═══ Source data

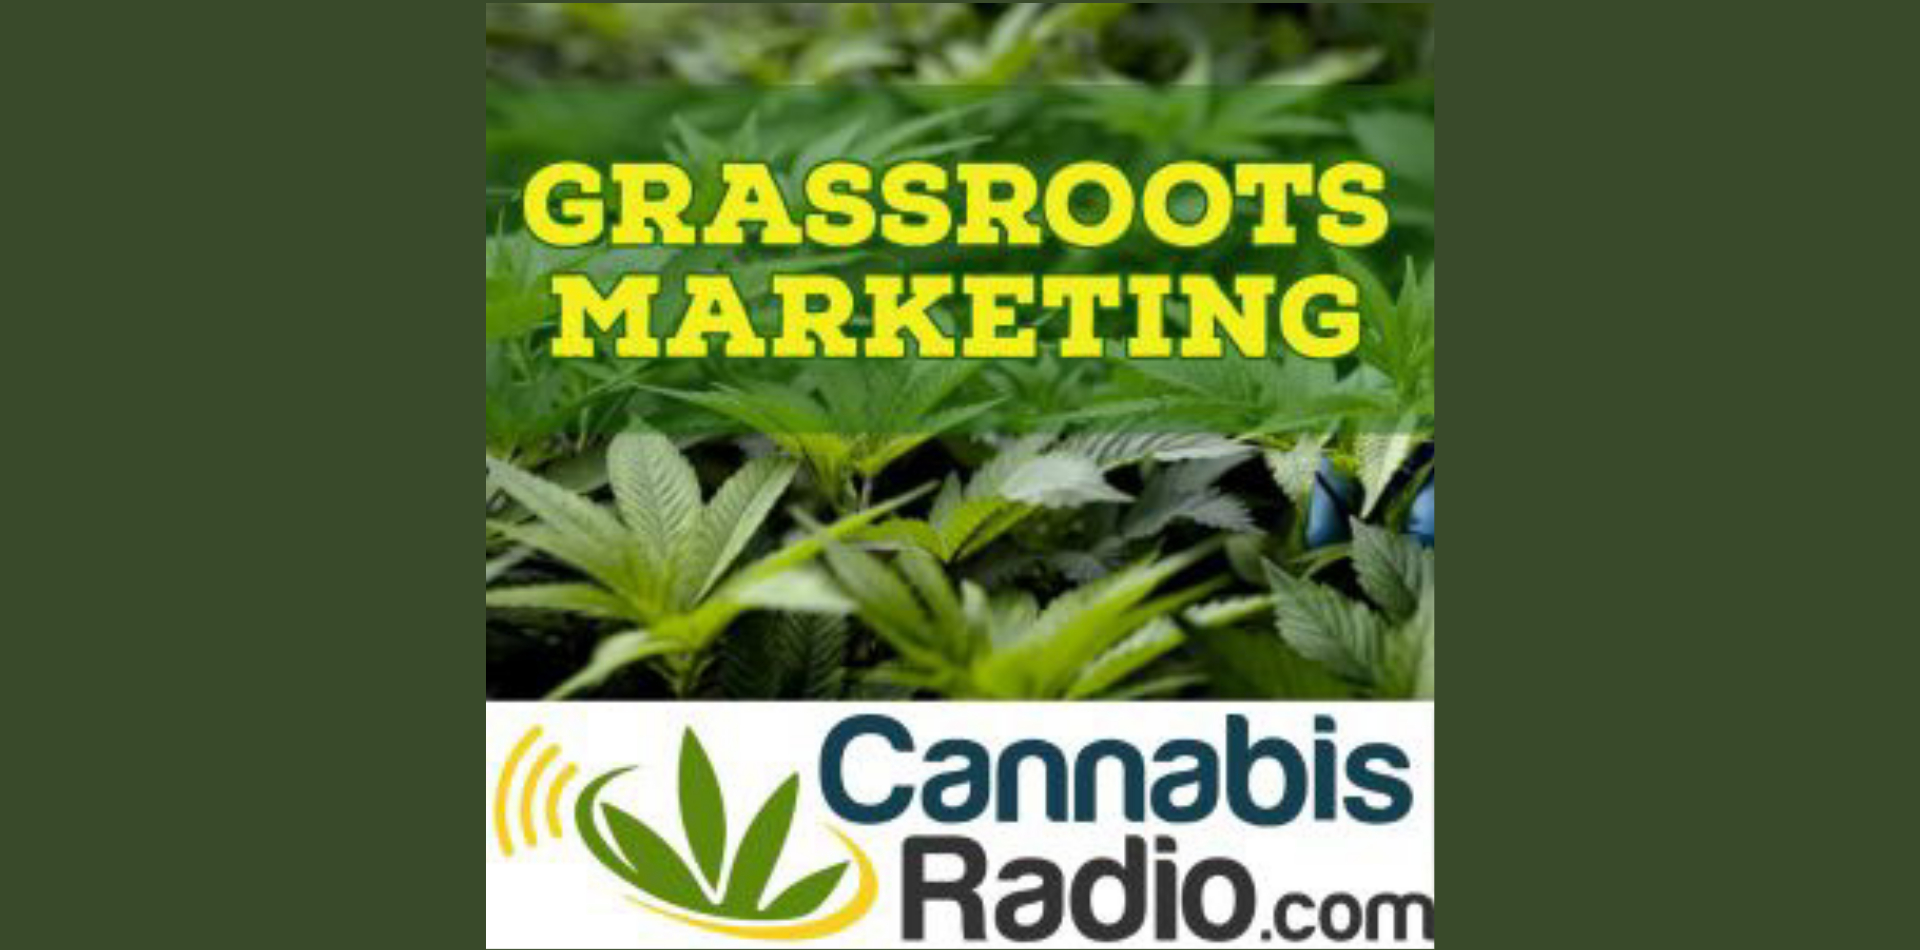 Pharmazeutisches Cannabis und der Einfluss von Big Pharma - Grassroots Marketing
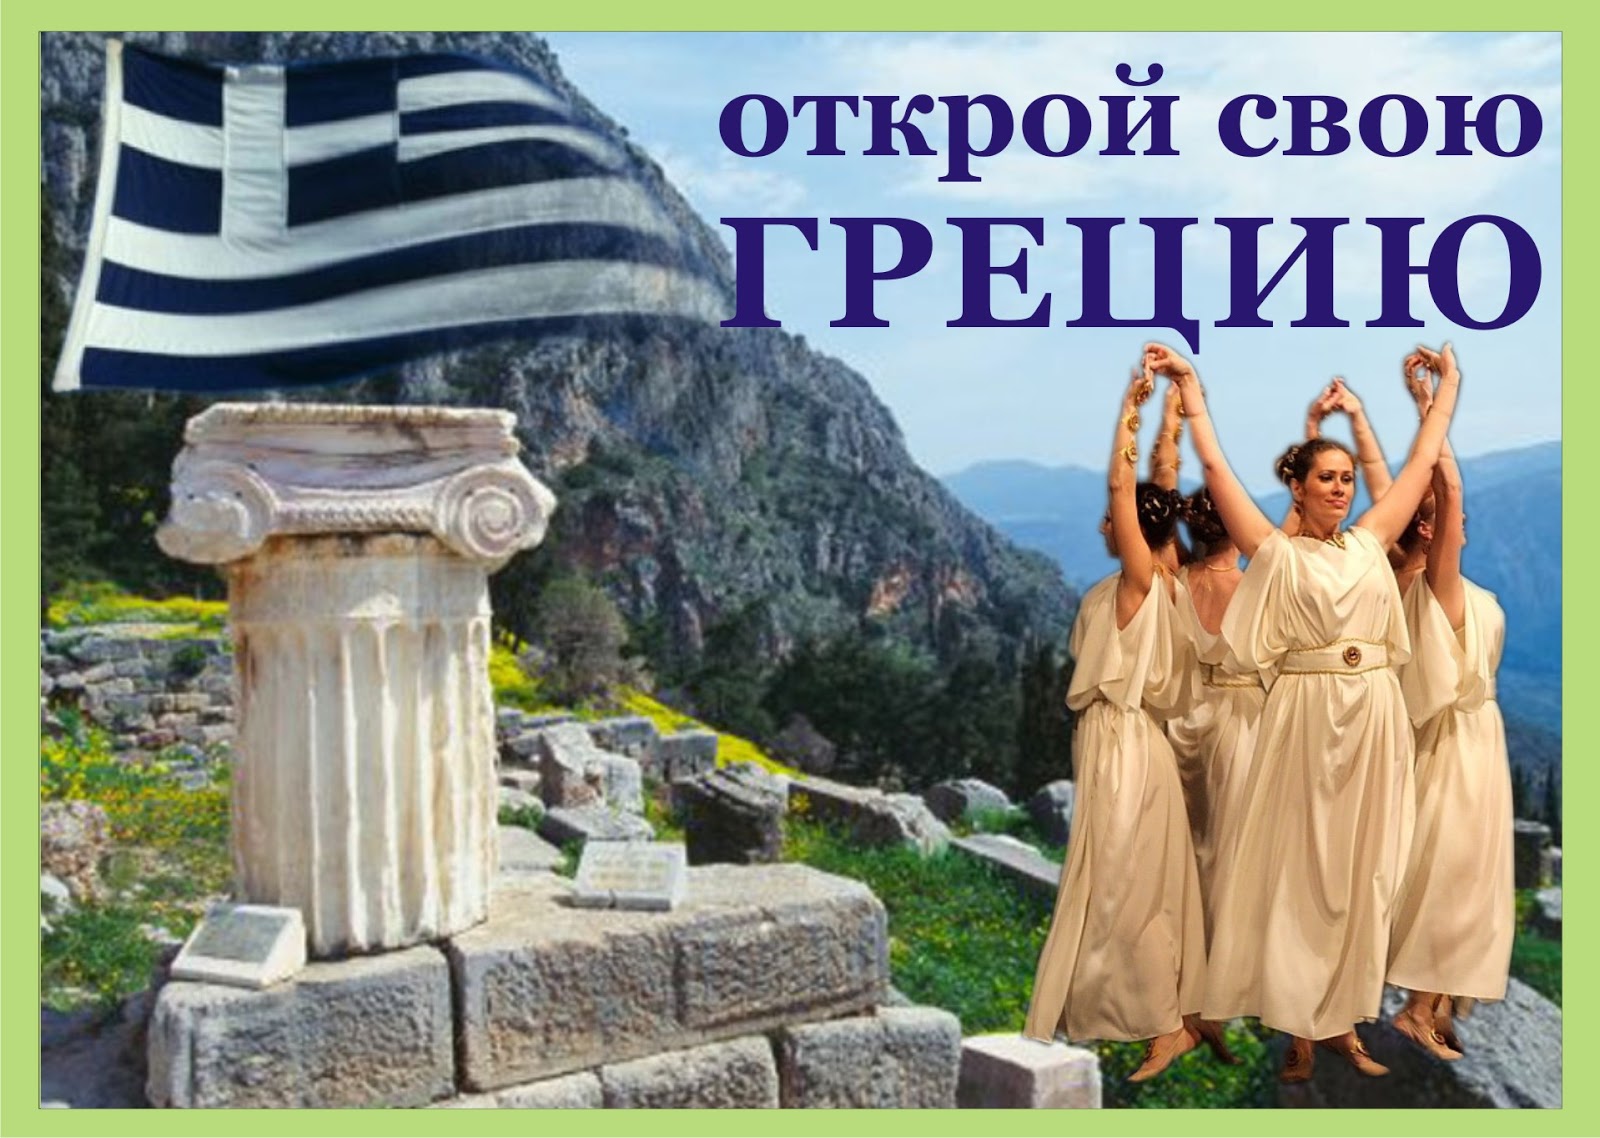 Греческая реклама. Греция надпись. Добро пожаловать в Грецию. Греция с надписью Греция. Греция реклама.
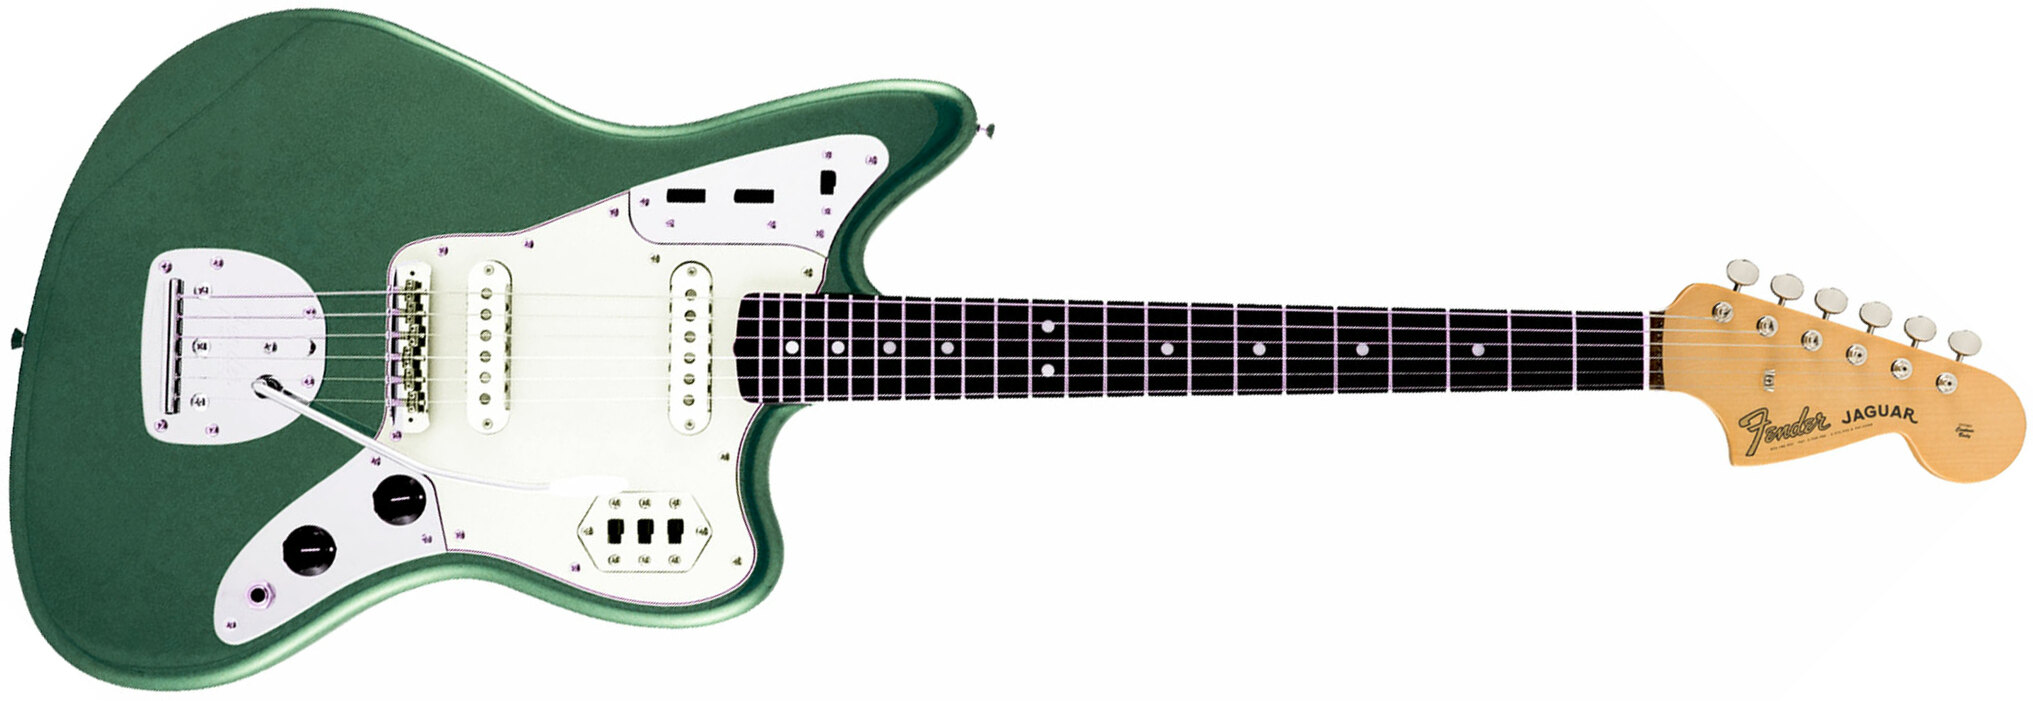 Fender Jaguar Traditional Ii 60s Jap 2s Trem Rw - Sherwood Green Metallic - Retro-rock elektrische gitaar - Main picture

══════

# [Exercise objective]
Every line from the one containing "Греческая реклама. Греция" through the last line of the data is to be retyped exactly, with nothing added and no pictures included.

# [Response below]
 Греческая реклама. Греция надпись. Добро пожаловать в Грецию. Греция с надписью Греция. Греция реклама.
 Fender Jaguar Traditional Ii 60s Jap 2s Trem Rw - Sherwood Green Metallic - Retro-rock elektrische gitaar - Main picture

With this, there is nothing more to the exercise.